Movies & TV

How to Save James Bond

5 ways to refresh the franchise

With Daniel Craig supposedly hanging up his tux after Bond 25, debate continues to rage over who should replace him. Well, ‘rage’ might be an overstatement – but it trundles along, bursting into life every time a brown-haired actor even looks at a dinner jacket.

The thing is, breathless fans and headline-baiting bookies are so obsessed with who should play Bond that they ignore the real question: how do we freshen up the franchise as a whole in the post-Craig era?

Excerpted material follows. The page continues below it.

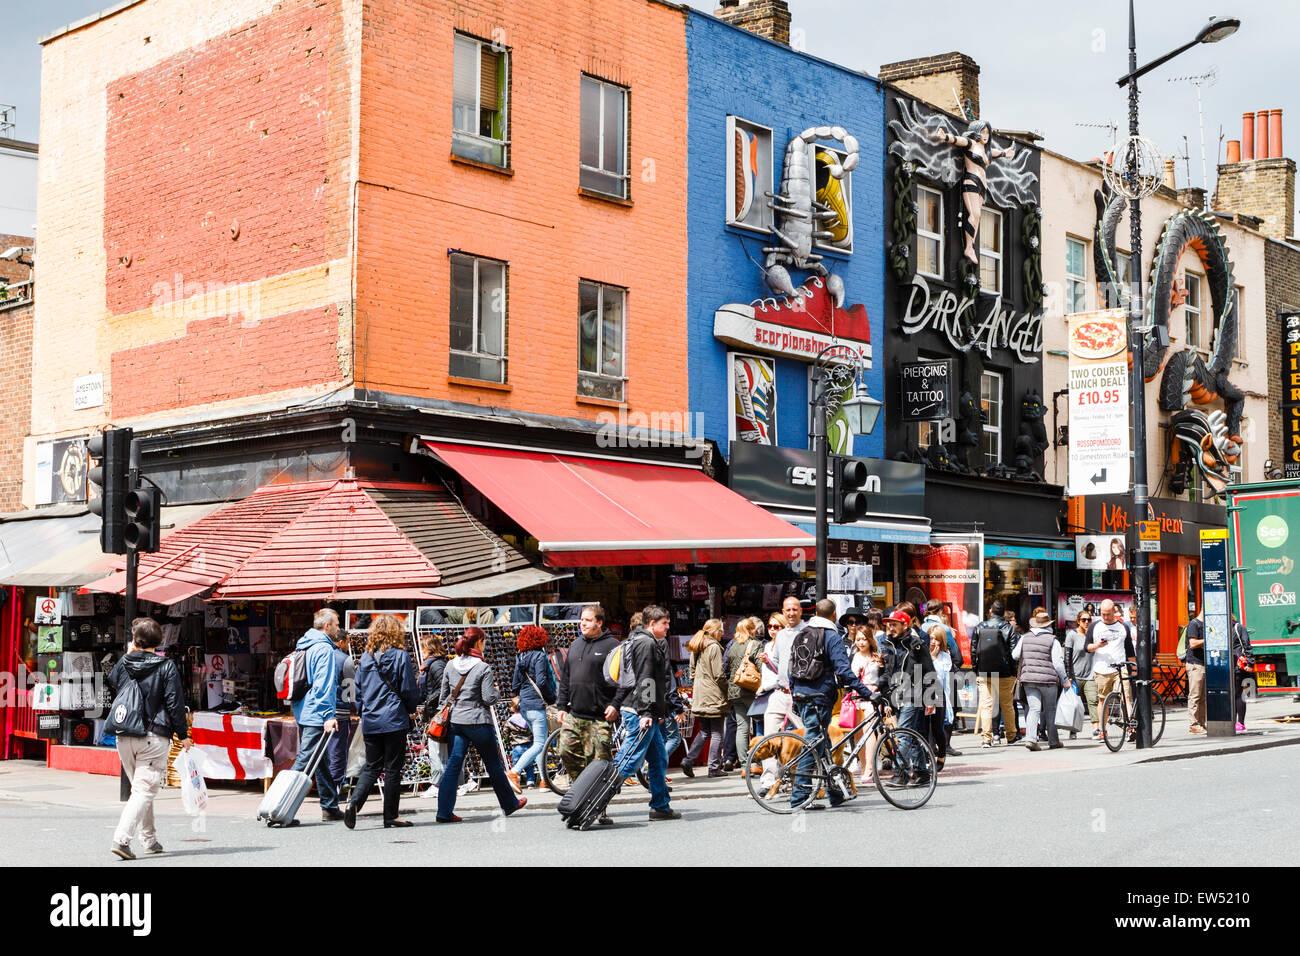 Pedestrians on Camden High Street, London, England, UK - Stock Image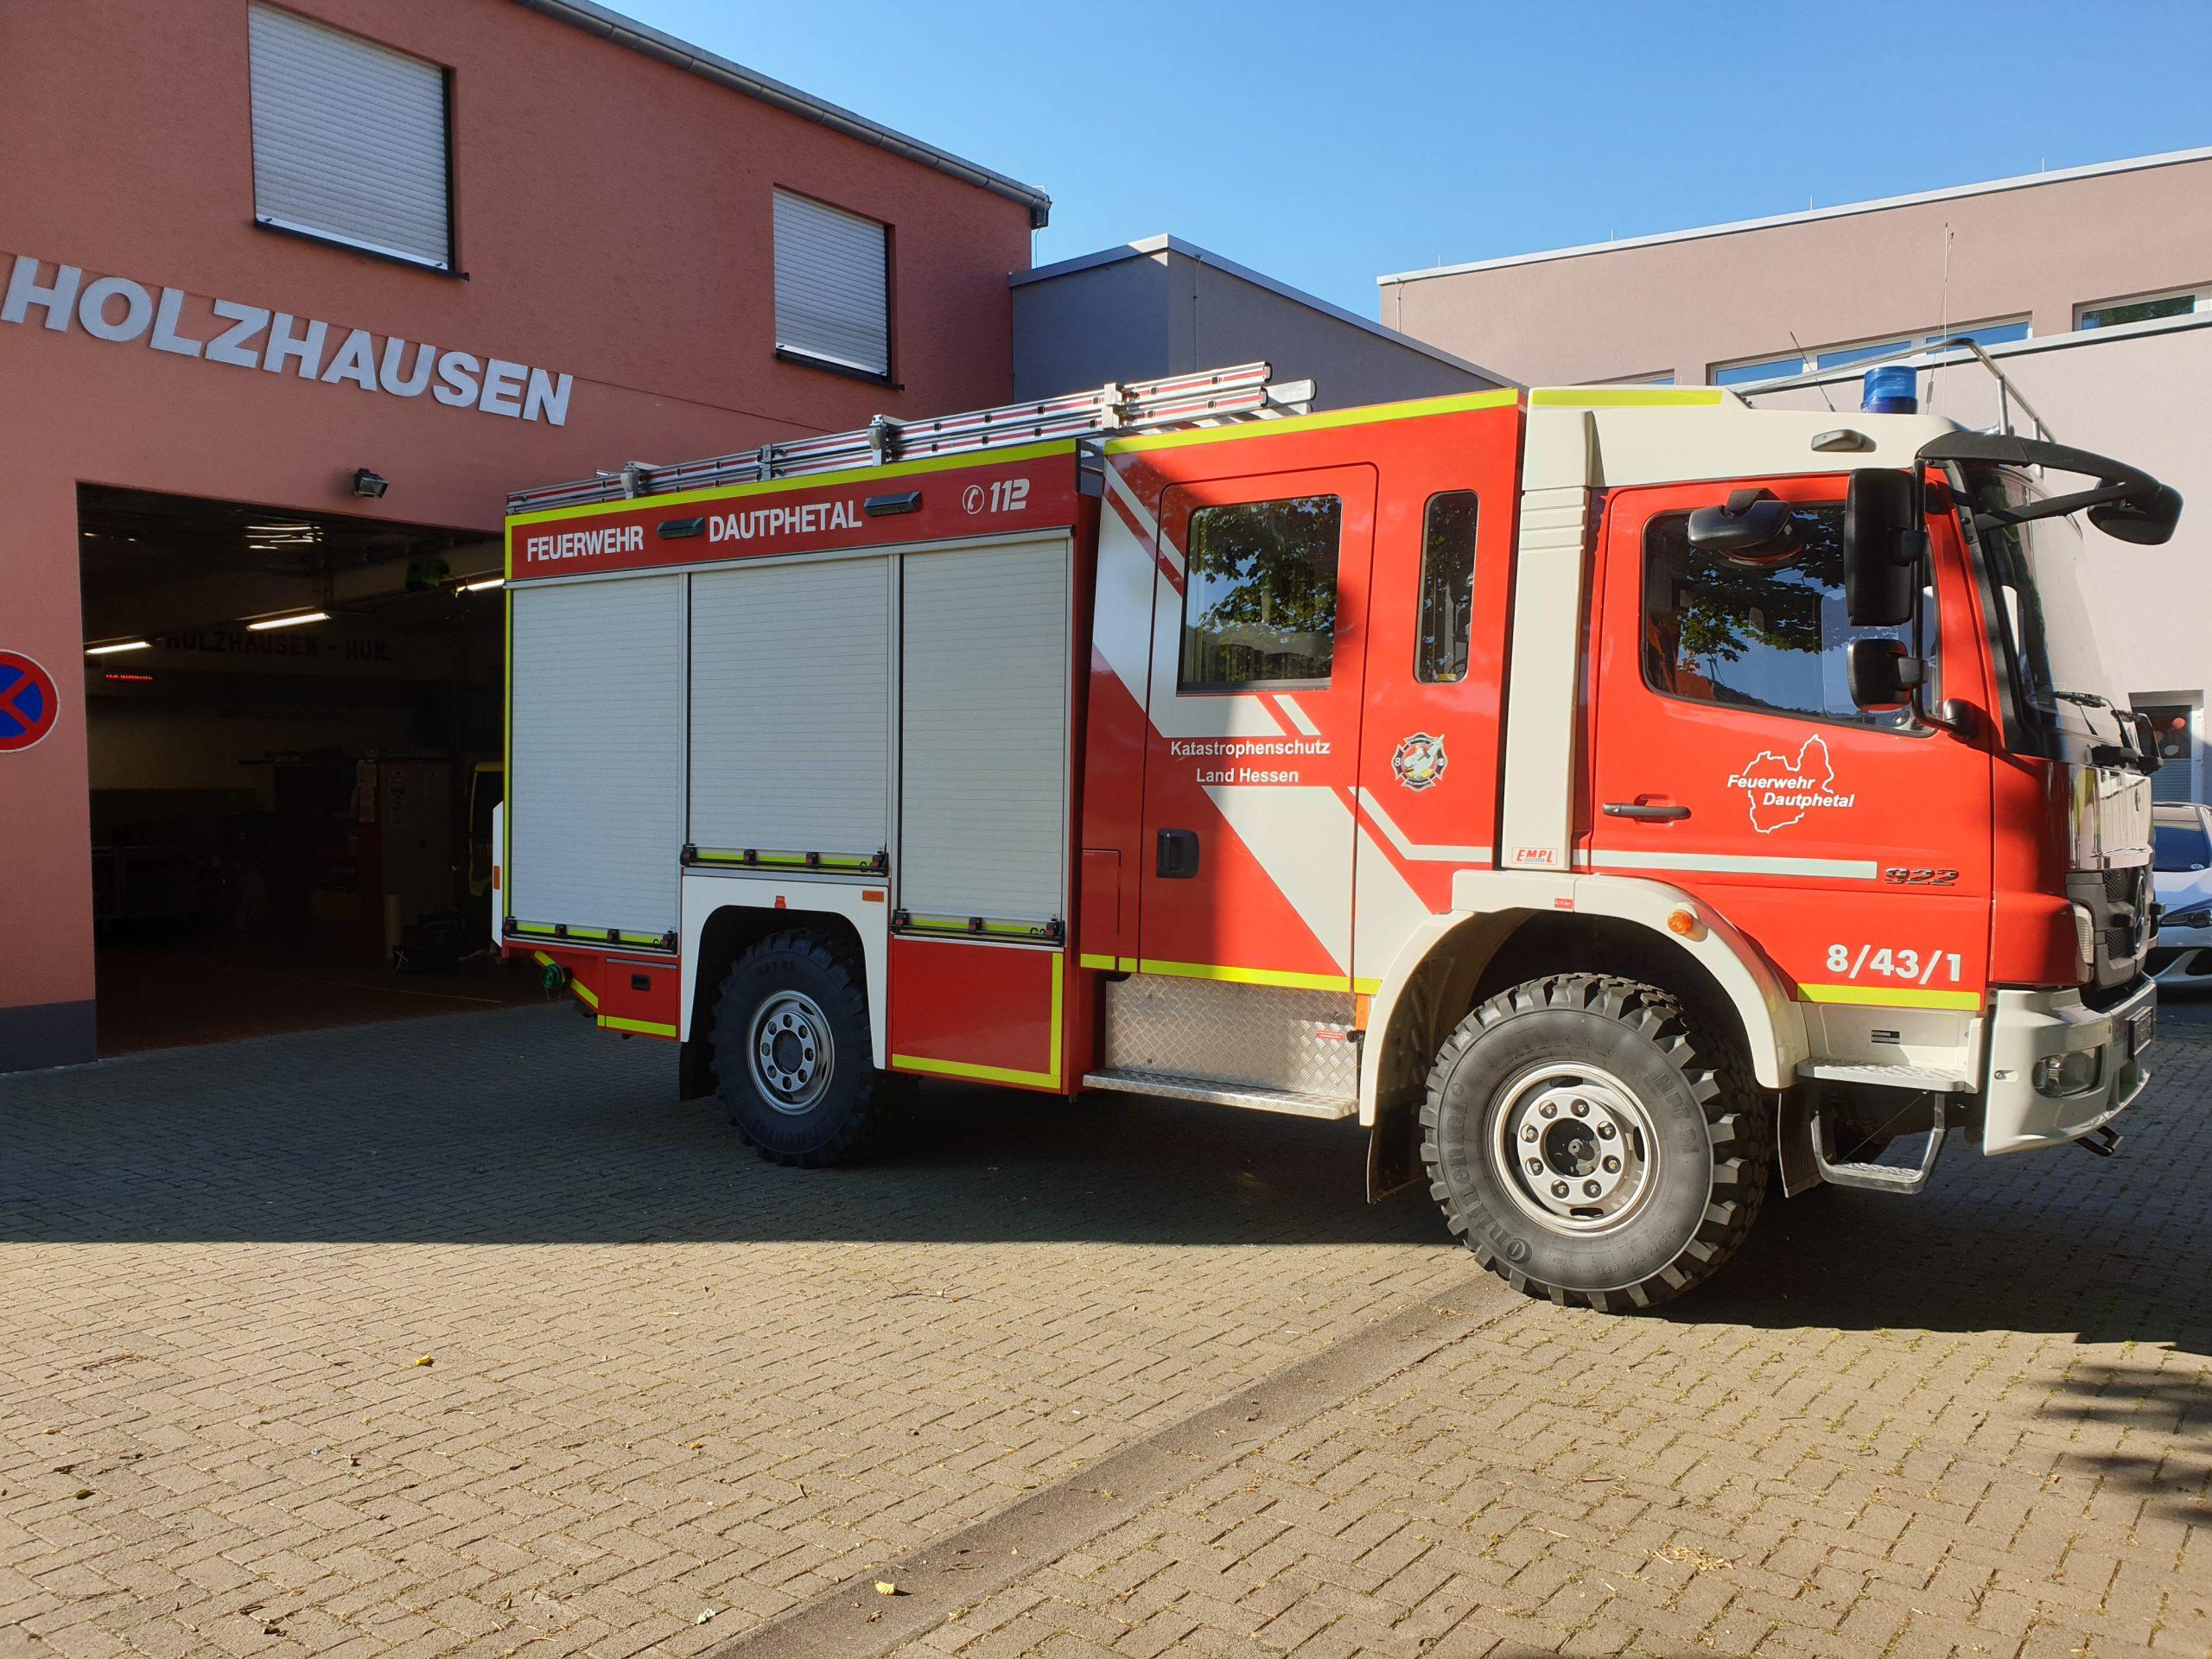 #0020 - LF10KatS Hessen FF Dautphetal, OT Holzhausen

We have some suggestions...

Do an origin story

Is James Bond cool? James Bond is not cool. Even setting aside his toxic workplace conduct (inappropriate comments, murder, snark etc), modern 007 is just too aloof and dour. Great for when he’s trading quips with cyber-terrorists, less so when a mutual friend pops to the loo and you’re stuck with him at the pub.

You know who is cool? James Bond Jr, his mildly popular nineties cartoon nephew. Let’s look at the facts, shall we? Proto-Pat Sharpe mullet: cool. Going to an English boarding school full of moustachioed American wrestlers: admittedly, less cool. Single-handedly fighting a terrorist organisation known simply as SCUM: very, very, very cool.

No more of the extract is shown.